Remove code duplication for permission checks with replication slots

michaelpq · michaelpq · commit 026ed8efd6b1 · 2021-09-14T10:15:49.000+09:00
Two functions, both named check_permissions(), used the same checks to verify if a user had required privileges to work on replication slots. This commit removes the duplication, and moves the function doing the checks to slot.c to be centralized.
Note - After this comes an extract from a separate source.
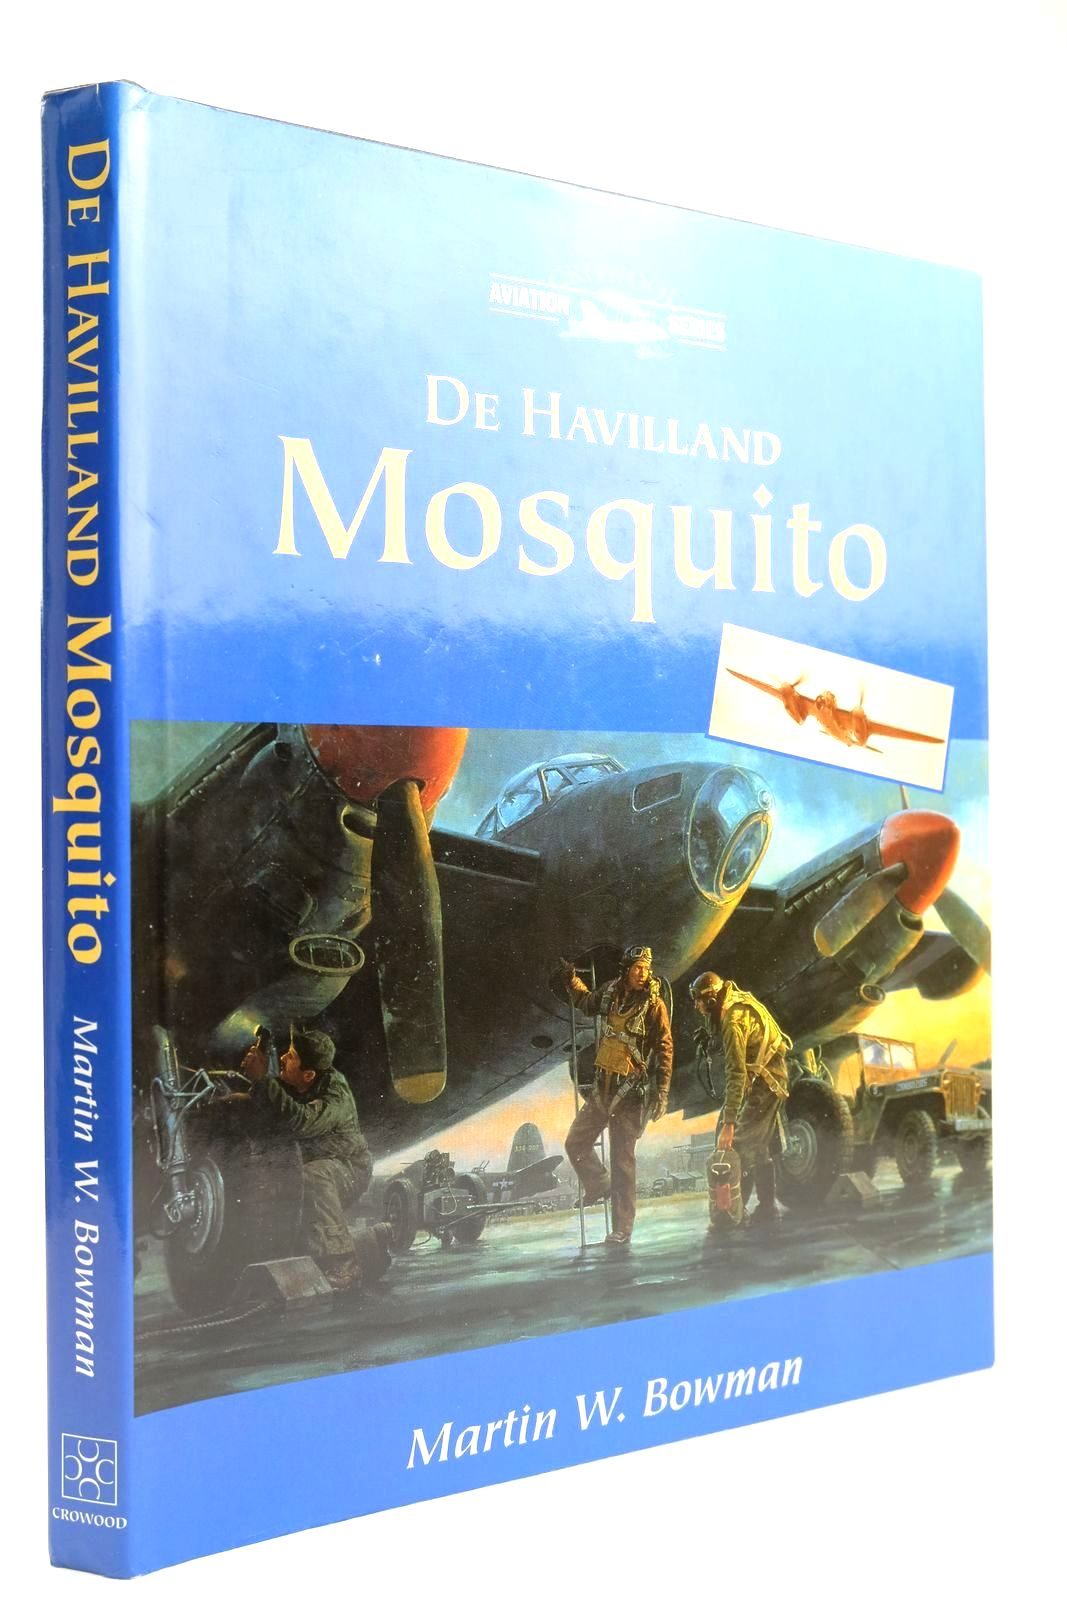 Photo of DE HAVILLAND MOSQUITO- Stock Number: 2132172

Author: Bharath Rupireddy Reviewed-by: Nathan Bossart, Euler Taveira Discussion: https://postgr.es/m/CALj2ACUPpVw1u7sQocFVWrSs0n10pt_G_4NPZKSxXK6cW1dErw@mail.gmail.com
diff --git a/src/backend/replication/logical/logicalfuncs.c b/src/backend/replication/logical/logicalfuncs.c
@@ -95,15 +95,6 @@ LogicalOutputWrite(LogicalDecodingContext *ctx, XLogRecPtr lsn, TransactionId xi
 	p->returned_rows++;
 }
 
-static void
-check_permissions(void)
-{
-	if (!superuser() && !has_rolreplication(GetUserId()))
-		ereport(ERROR,
-				(errcode(ERRCODE_INSUFFICIENT_PRIVILEGE),
-				 errmsg("must be superuser or replication role to use replication slots")));
-}
-
 /*
  * Helper function for the various SQL callable logical decoding functions.
  */
@@ -124,7 +115,7 @@ pg_logical_slot_get_changes_guts(FunctionCallInfo fcinfo, bool confirm, bool bin
 	List	   *options = NIL;
 	DecodingOutputState *p;
 
-	check_permissions();
+	CheckSlotPermissions();
 
 	CheckLogicalDecodingRequirements();
 
diff --git a/src/backend/replication/slot.c b/src/backend/replication/slot.c
@@ -1059,6 +1059,18 @@ CheckSlotRequirements(void)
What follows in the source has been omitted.